In 2011, with colleagues at CEED and elsewhere, Watson began developing the Reflective Interaction Observation Scale (RIOS) to measure the “active ingredients” that make reflective supervision work. Although the RIOS was created for use in research, practitioners immediately adopted this unique tool to guide actual reflective supervision sessions. In 2022, Watson, along with CEED’s Alyssa Meuwissen and others, published the RIOSTM Guide for Reflective Supervision and Consultation in the Infant and Early Childhood Field (z.umn.edu/RIOS_guide) to help them do just that.

Rios Guide web cover

Continuity through changing times

“CEED was very important, and it’s continued to be,” says Weinberg. “It’s mushroomed now into all sorts of wonderful activities far beyond what we did. It’s giving away workshops, printed materials, and more. I take such pride in seeing what CEED has become.”

From three paid staff members in 1973, CEED—now administratively housed as a center in ICD—has grown to 14 full-time and several part-time staff under Bailey’s leadership. The center contributes to the early childhood field not just through traditional in-person training and events, but also through online learning that allows people anywhere in the world to access CEED’s unique expertise. Outreach to practitioners continues through an active blog, email newsletters, and a newly refreshed series of research-backed tip sheets discussing urgent topics from trauma and resilience to authentic assessment.

CEED staffers at an anniversary party.
From left: Tenth anniversary Minnesota Round Table on Early Childhood Education, 1983; CEED celebrated its 10th anniversary with a party and remarks by its founding staff members.

Some of CEED’s current projects include leading the revision of Minnesota’s Early Childhood Indicators of Progress (early learning guidelines that describe what children should be able to do before kindergarten), studying a pilot reflective supervision program for county child welfare workers, and partnering with the Greater Minneapolis Crisis Nursery to update and publish their in-house training curriculum.

Long-standing partnerships with state agencies have allowed CEED to have an impact at the state level. Meanwhile, collaborations within UMN have yielded results such as an online library of professional development resources (cd4cw.umn.edu) for child welfare workers co-created with the Center for Advanced Studies in Child Welfare and the Building Family Resiliency podcast (ceed.umn.edu/building-family-resiliency) co-created with the Institute on Community Integration. Most recently, Bailey and Elizabeth E. Davis, associate professor in the Department of Applied Economics, were awarded a four-year grant from the federal Office of Planning, Research, and Evaluation. Bailey and Davis will study the impacts of subsidies on providers’ and families’ participation in child care assistance programs.

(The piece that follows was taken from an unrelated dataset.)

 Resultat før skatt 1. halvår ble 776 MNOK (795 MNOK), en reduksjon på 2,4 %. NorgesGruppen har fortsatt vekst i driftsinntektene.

CEED's work with children.
Today, CEED’s work includes a variety of research and applied projects in the early childhood field.

“We work with state and federal agencies, foundations, nonprofits, and businesses,” says Bailey. “Looking at the big picture, there’s a kaleidoscopic quality to the work we do: it evolves in response to the needs of the field, which are not static. Our funding sources also speak to the fact that the organizations who choose to work with us trust that we produce work that’s reliable and impactful.”

Kerry Gershone works with CEED as professional development policy and implementation specialist at the Minnesota Department of Human Services.

“People at CEED have a certain je ne sais quoi that combines professionalism, passion, and compassionate humanity,” she says. “Often when we meet, in addition to discussing our agenda items, we’ll discuss important issues facing the field, how we approach our work, and best practices in providing high-quality education to both adults and children. I know that this content isn’t just work for CEED employees, it’s also their passion and area of expertise.”

Bailey agrees.

“I’m grateful for the people who have chosen to bring their talents, their curiosity, and their drive to CEED,” she says. “They show up every day excited to advance the early childhood field and ultimately, to have a positive impact on the lives of early childhood professionals and the children and families they serve.”